Hypercalcemia is a disorder that most commonly results from malignancy or primary hyperparathyroidism. Functional parathyroid cysts are a rare cause of primary hyperparathyroidism (1) and are often mistaken for thyroid cysts (2). Parathyroid cysts have been clinically divided as either functional or nonfunctional (3) (4) (5), depending on their association with hyperparathyroidism.
Systemic lupus erythematosus (SLE) is a multi-system disorder with variable presentation. SLE is also a very rare cause of hypercalcemia. Up to now, about 300 cases of parathyroid cysts and ten cases of SLE patients presenting with hypercalcemia had been reported respectively in the literature. We reported a case of functional parathyroid cyst in a patient with previously diagnosed SLE.
A 62-year-old woman was admitted to our hospital with a palpable mass in her left anterior neck, which was accidentally discovered 1 month ago. She had a 30-year history of SLE and was irregularly treated by prednisolone and Tripterygium wilfordii. She had a 10-year history of hypertension, which was well controlled by nitrendipine. Splenectomy was performed 10 years ago because of hypersplenism. On physical examination, a 4×3 cm mass was palpable in the left anterior neck, elastic and smooth was identified. She had erythema on her face and both hands. Velcro rales were heard at both lower lobes of the lungs. There was slight edema on both legs.

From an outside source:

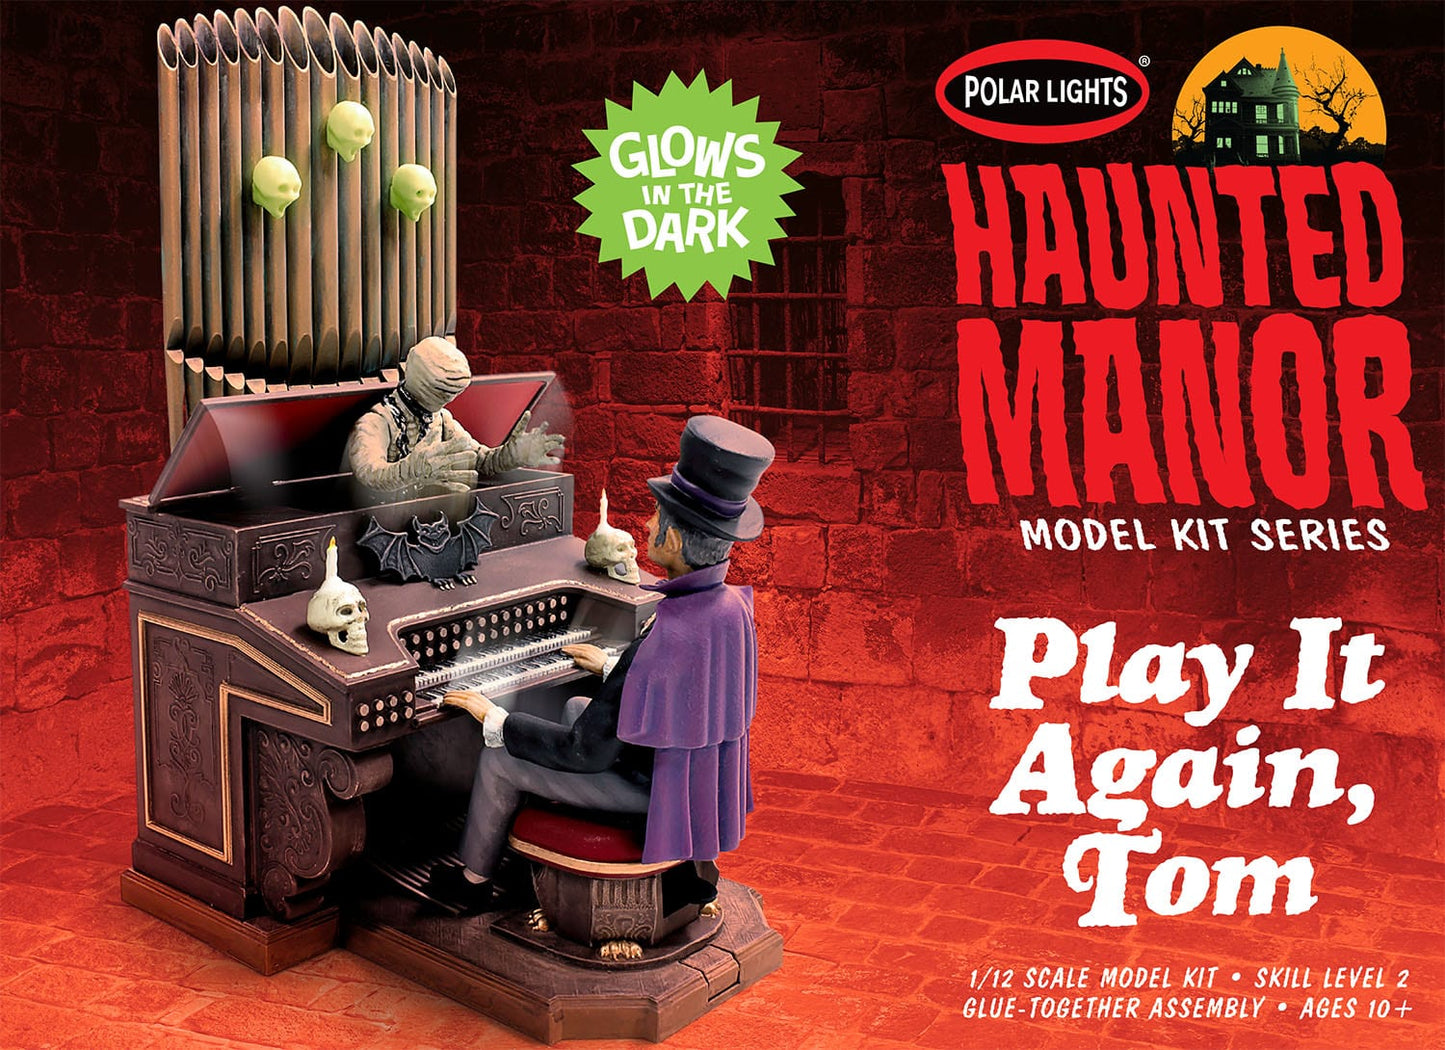 Polar Lights 984 1:12 Haunted Manor Play It Again Tom Playing Organ Diorama Set
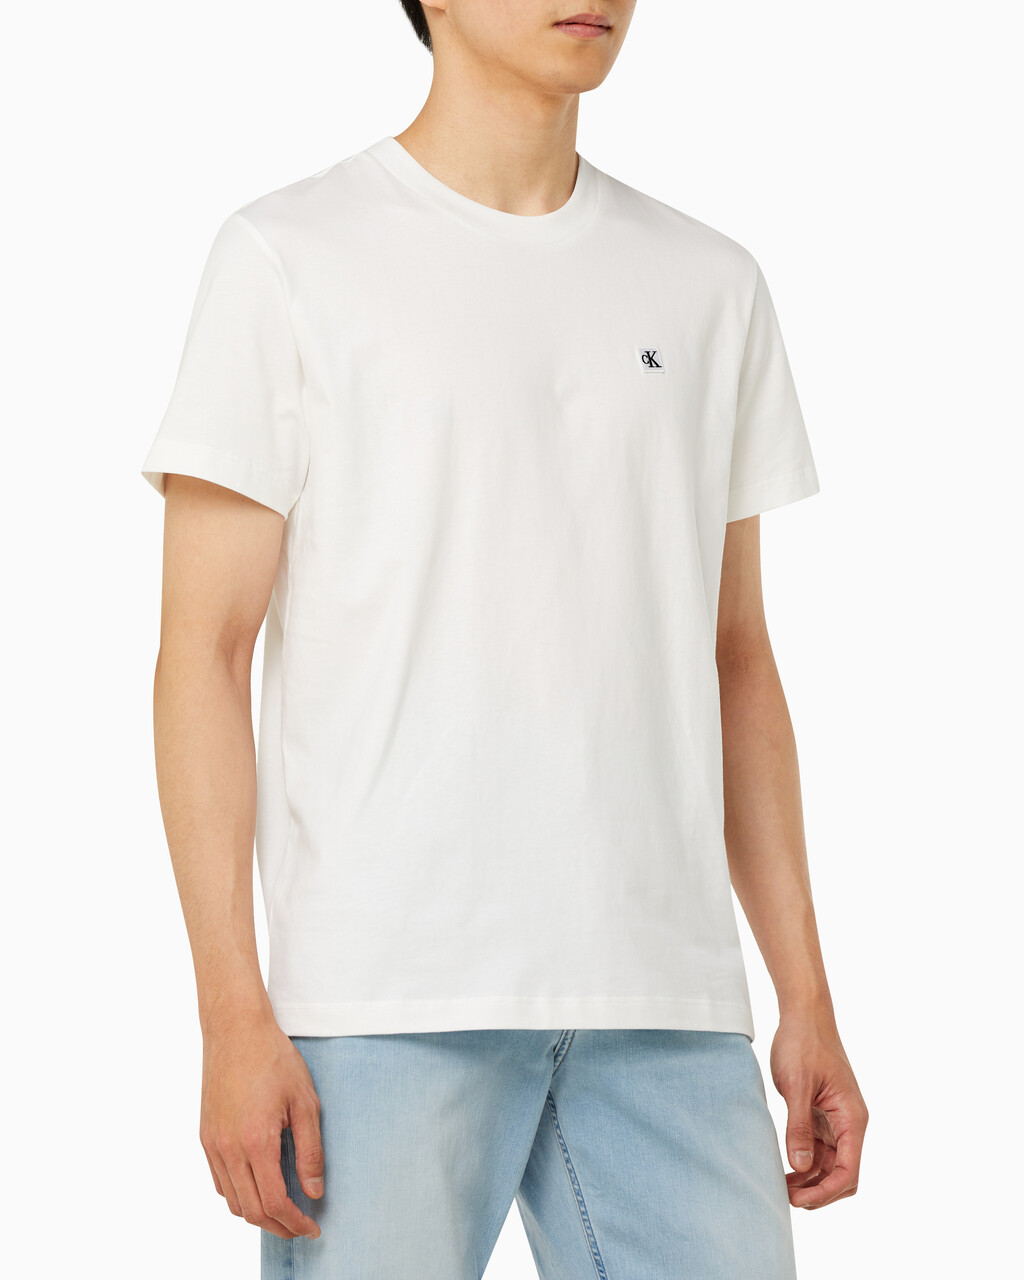 Buy 남성 레귤러핏 CK 로고 뱃지 반팔 티셔츠 in color BRIGHT WHITE

Initial laboratory tests disclosed the following values: serum calcium 3.55 mmol/l (normal, 2.15–2.65), phosphorous 1.04 mmol/l (normal, 0.86–1.86). Hemoglobin was 9.9 g/dl (normal, 11.0–16.0) while leukocytes and platelets were normal. 24-h urine calcium was 14.9 mmol (normal, 2.5–7.5). PTH (1–84) was 576 pg/ml (normal, 10–69), and osteocalcin 63.8 μg/l (normal, 11–43). Thyroid-stimulating hormone was 1.9 mIU/l (normal, 0.3–4.2), free thyroxine was 13.6 pmol/l (normal, 12.0–22), free triiodothyronine was 3.7 pmol/l (normal, 3.1–6.8). Calcitonin was 46.5 pg/ml (normal, 0–100) as well as tumor markers (AFP, CEA, CA50, CA19-9, CA72-4, CY21-1, NSE) were all normal. Antinuclear antibody level was 358 U/ml (normal, 0–40) and anti-dsDNA level was 39 U/ml (normal, 0–100). Anti-Sm antibody was also positive. C3 was 0.39 g/l (normal, 0.88–2.01) and C4 0.05 g/l (normal, 0.16–0.47). Erythrocyte sedimentation rate (ESR) was normal and rheumatoid factor (RF) was negative. Hyaluronic acid was 360 ng/ml (normal, 2–110), type IV collagen 154.2 ng/ml (normal, 19.8–112.8), and type III precollagen 213.6 ng/ml (normal, 0–120), suggesting hepatic fibrosis.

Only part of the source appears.